Reputation: 49
I have a df(Below) and a vector as c("B", "F"), I want to first split the df as list based on ID and then if any of the values in column "Name" matches in the vector c("B", "F") then assign column "Final" with that particular value in the vector for all rows.
ID Name
1 A
1 B
2 C
1 D
2 E
2 F
3 C
what I have tried till now is below :
df_list <- dlply(df, "ID")
df_list_2 <- lapply(df_list, transform,
Final = case_when(
sum(str_count(grepl(Name, "B"))) >= 1 ~ "B",
sum(str_count(grepl(Name, "F"))) >= 1 ~ "F",
TRUE ~ "No"))
My Final result should be as below
List 1 :
ID Name Final
1 A B
1 B B
1 D B
List 2:
ID Name Final
2 C F
2 E F
2 F F
List 3 :
ID Name Final
3 C NO
This is just a sample data, I have to run this on million of records with the vector list containing about 20 string values
Upvotes: 1
Views: 1802
Reputation: 51582
Here is a base R idea based on your description,
lapply(split(df, df$ID), function(i) {
i1 <- i$Name[i$Name %in% v1];
data.frame(i, Final = replace(i1, length(i1) == 0, 'NO'))
})
which gives,
$`1`
ID Name Final
1 1 A B
2 1 B B
4 1 D B
$`2`
ID Name Final
3 2 C F
5 2 E F
6 2 F F
$`3`
ID Name Final
7 3 C NO
DATA:
dput(df)
structure(list(ID = c(1L, 1L, 2L, 1L, 2L, 2L, 3L), Name = c("A",
"B", "C", "D", "E", "F", "C")), row.names = c(NA, -7L), class = "data.frame")
dput(v1)
c("B", "F")
EDIT: If you have more than 1 final elements, then you can convert to strings, i.e.

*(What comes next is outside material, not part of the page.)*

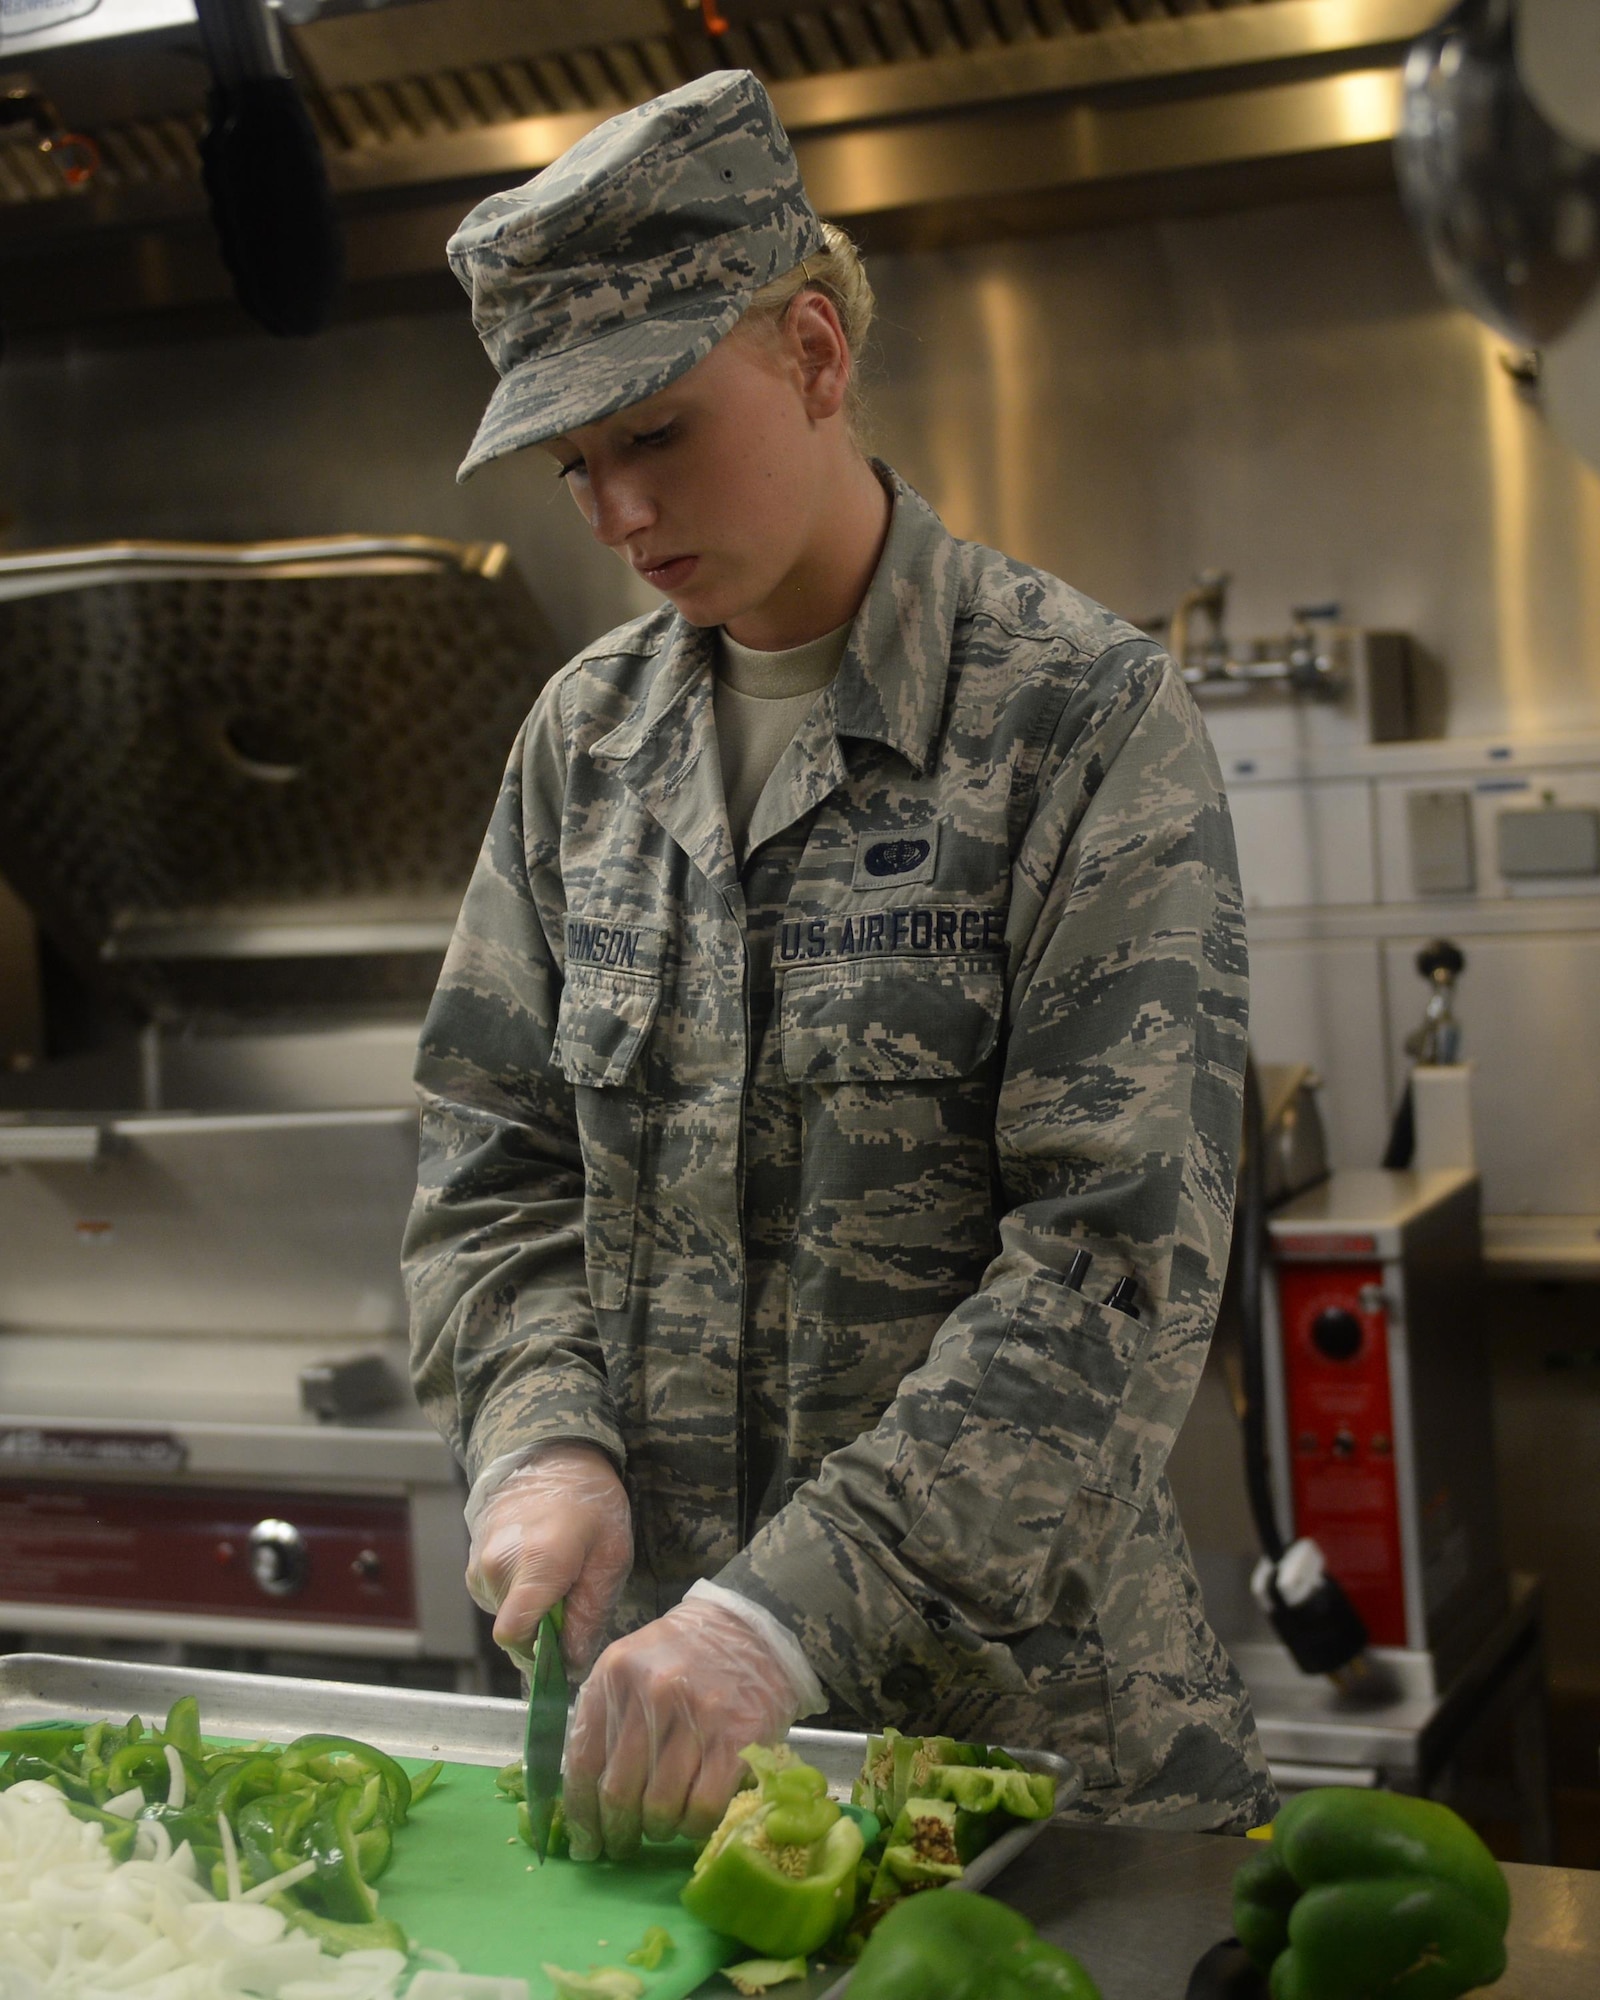 Airman Basic Carli Johnson, 325th Force Support Squadron Berg-Liles Dining Facility chef, chops bell peppers in preparation for a meal at Tyndall Air Force Base, May 17. Food service specialist like Johnson are trained to be knowledgeable in functions such as preparing, cooking, baking, presenting, and serving food. (U.S. Air Force photo by Airman 1st Class Cody R. Miller/Released)

lapply(split(df, df$ID), function(i) {i1 <- i$Name[i$Name %in% v1];
data.frame(i, Final = ifelse(length(unique(i1)) > 1,
toString(unique(i1)), ifelse(length(unique(i1)) == 0, 'NO', i1)))})
Upvotes: 2
Reputation: 7724
You can also use group_by
from dplyr
:
library(plyr) # Load plyr first if you use it with dplyr
library(dplyr)
match_vector <- c("B", "F")
df_new <- df %>%
group_by(ID) %>%
mutate(Final = if_else(any(Name %in% match_vector),
paste(match_vector[match_vector %in% Name], collapse = ";"),
"No"))
df_new
# A tibble: 7 x 3
# Groups: ID [3]
# ID Name Final
# <int> <chr> <chr>
# 1 1 A B
# 2 1 B B
# 3 2 C F
# 4 1 D B
# 5 2 E F
# 6 2 F F
# 7 3 C No
I used paste(match_vector[match_vector %in% Name], collapse = ";")
here, which would print all matches in the Final column, if there are several. If you don't want this use match_vector[match_vector %in% Name][1]
to get the first match.
If you need the list-structure you can then use split
(base R) or dlply
(plyr
):
dlply(df_new, "ID")
split(df_new, df_new$ID)
$`1`
# A tibble: 3 x 3
# Groups: ID [1]
ID Name Final
<int> <chr> <chr>
1 1 A B
2 1 B B
3 1 D B
$`2`
# A tibble: 3 x 3
# Groups: ID [1]
ID Name Final
<int> <chr> <chr>
1 2 C F
2 2 E F
3 2 F F
$`3`
# A tibble: 1 x 3
# Groups: ID [1]
ID Name Final
<int> <chr> <chr>
1 3 C No
Upvotes: 1